One of the first things that I emphasize to the students in my biostatistics class at Wilfrid Laurier University is that statistics are a powerful tool. Used carefully and properly, statistics can provide valuable insight into the factors that shape the world around us - but used or interpreted incorrectly, statistics can potentially lead to conclusions that are unjustified or altogether incorrect​. Your recent "analysis" of police call data seems to fall into the latter category due to problems with your data set, and in the conclusions drawn from them.
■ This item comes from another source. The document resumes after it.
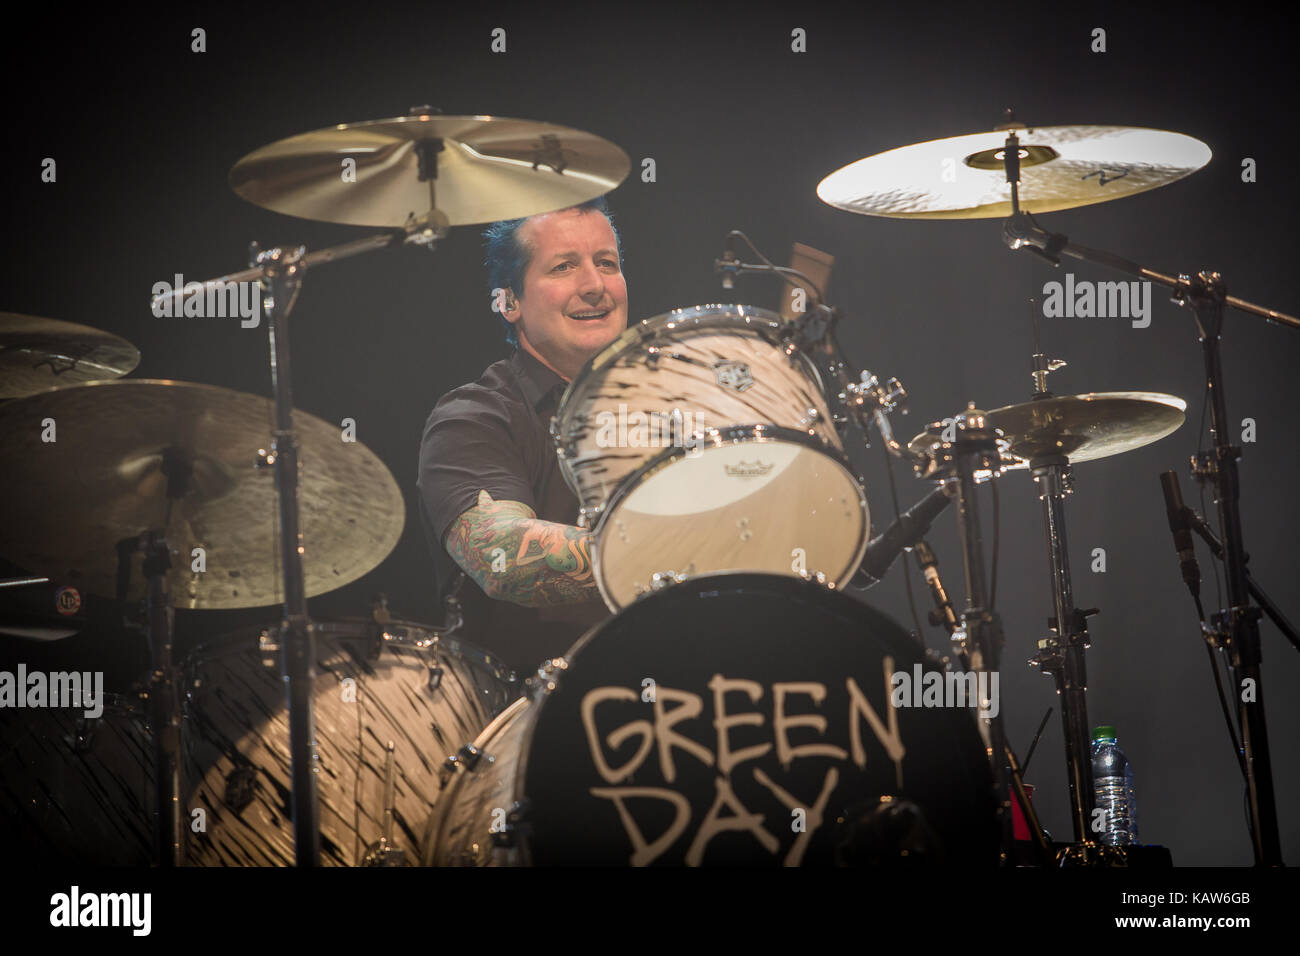 The American punk rock band Green Day performs a live concert at Oslo Spektrum. Here drummer Tré Cool is seen live on stage. Norway, 25/01 2017. Stock Photo

First, let's consider your data set. Of the ~903,000 calls in your initial data set almost half were excluded from the analysis for a variety of reasons. Whenever data is dropped, there is the strong possibility that what remains is a non-random (and thus biased) set of data. Furthermore, the remaining data points "do not measure crime" (as belatedly stated in the 30th inch of the story) -but instead capture a wide variety of incidents (including "enforcement of traffic laws" and "attend at collisions" that are not necessarily linked to the residents of that region). It should go without saying that if your data does not contain variables are relevant to the question, then the conclusions drawn from them will be suspect. 

Using this questionable data set, the conclusion "the poorer the zone, the more often people call police and the more time police spend there, responding to distress" is drawn, without any thought of potentially confounding effects. There are potentially dozens of other factors besides average household income that differ between the patrol zones that may be ultimately responsible for the observed patterns. For instance, a cursory search on Google Maps seems to indicate that the regions with the highest frequencies of calls to the police also have a greater density of Tim Hortons locations - but you would not (hopefully) conclude that their presence is responsible for "where trouble lives". 
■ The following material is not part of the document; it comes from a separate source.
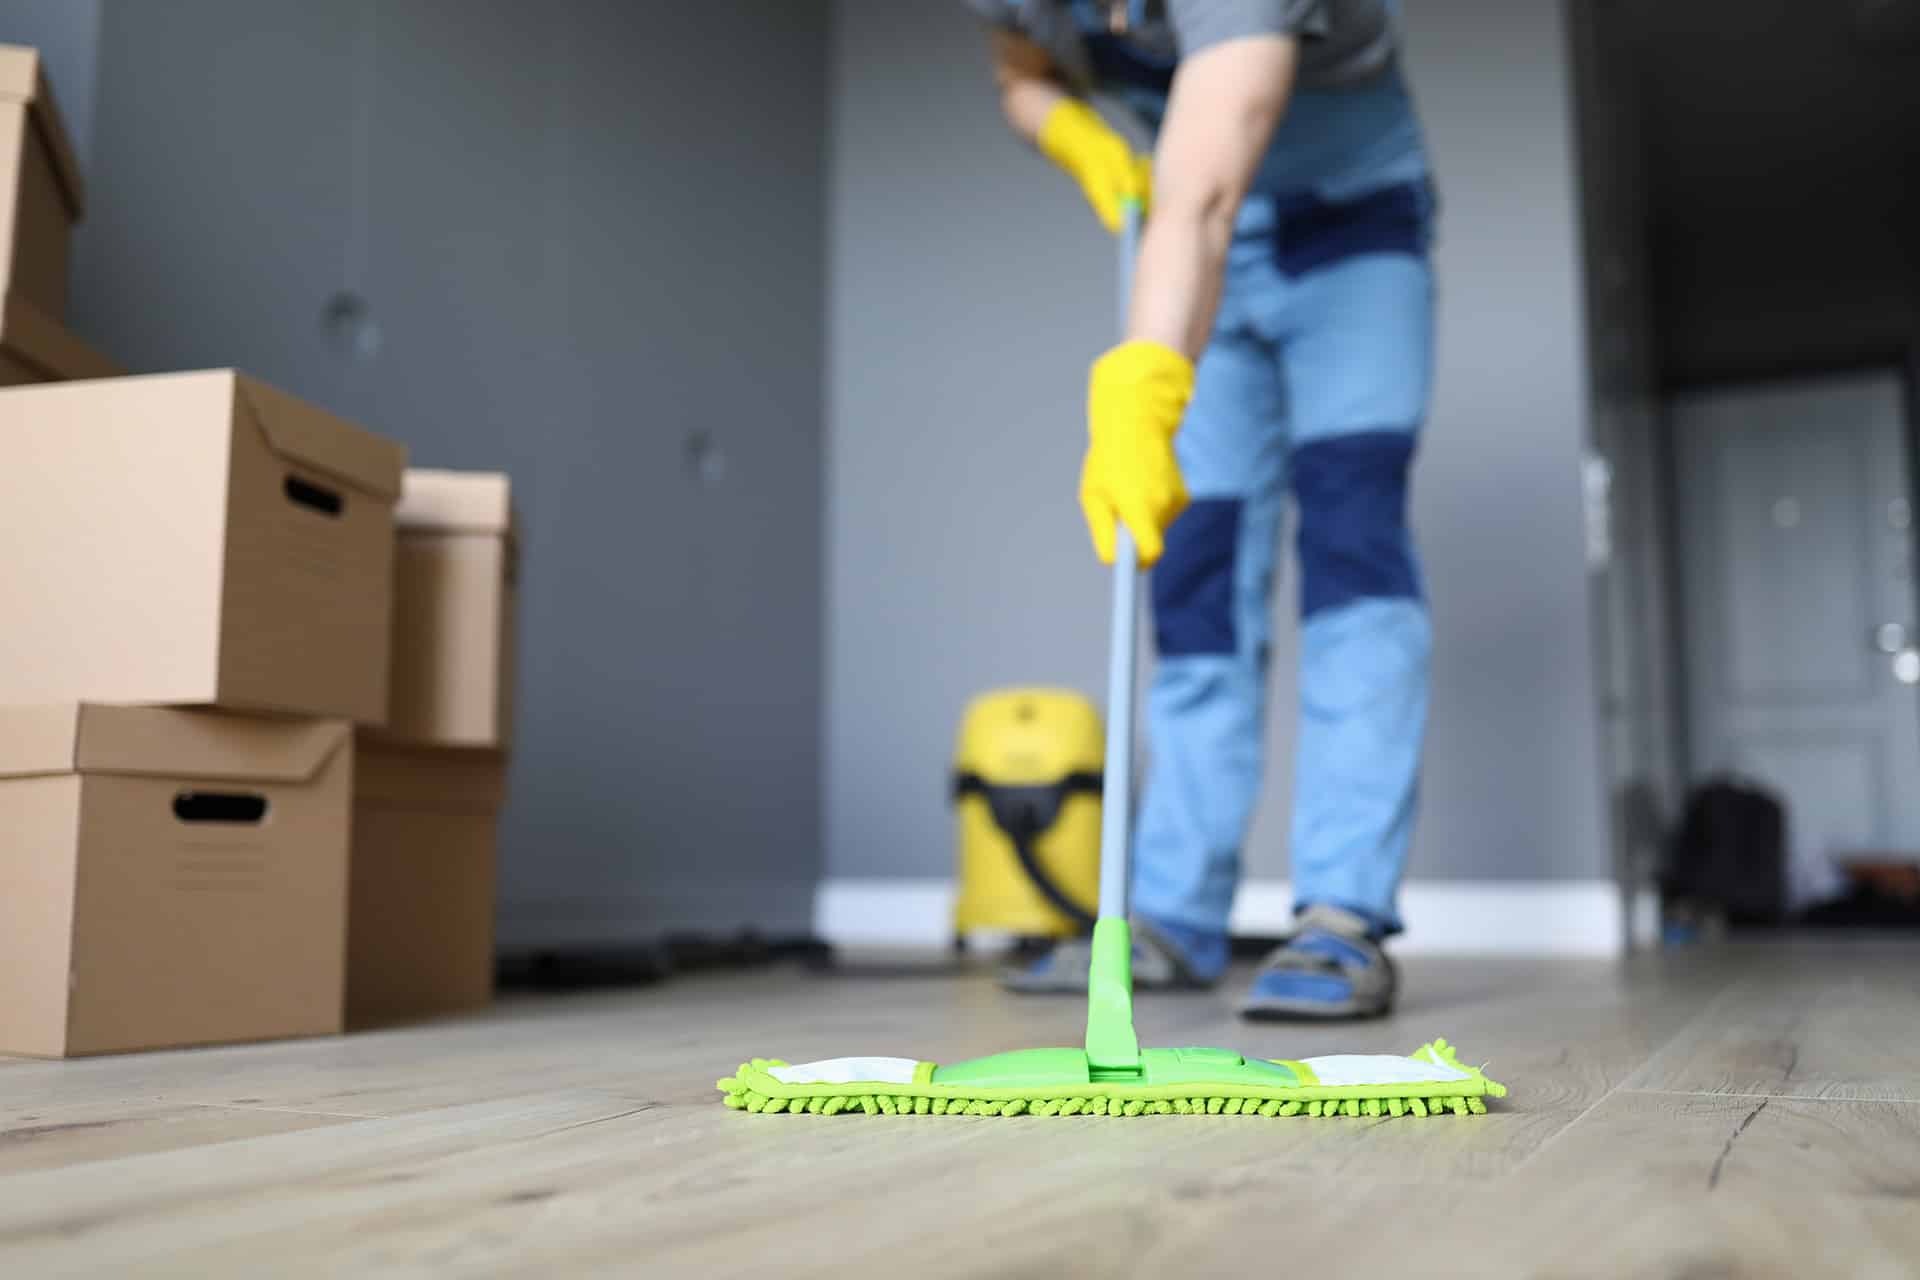 Moving cleaning services

Generations of statisticians have warned that "correlation does not imply causation", but that message seems to have been ignored in the construction of this article, to the detriment of your readership. 

Sincerely,

Tristan A.F. Long

*The title for this post is taken from one of the hyperbolic statements made in the article. I think that, ironically, this statement is an apt description of the statistics used in the analysis.


Sunday, September 28, 2014

Long Lab (summer fun edition)

L->R: Arnold Mak, David Filice, Katie Plagens, Tristan Long, Thiropa Balasubramaniam, Mireille Golemiec, Emily Martin

BONUS: GIF!

How to (truly) randomly assign mating treatments - an elegant R approach

This week in the lab we'll be setting up some experiments using our 45 inbred lines of flies (lines were inbred by mating sets of single male an females, derived from the IV line, and subsequently selecting a single brother and sister from the resulting offspring to found the next generation. This process was repeated for >10 generations).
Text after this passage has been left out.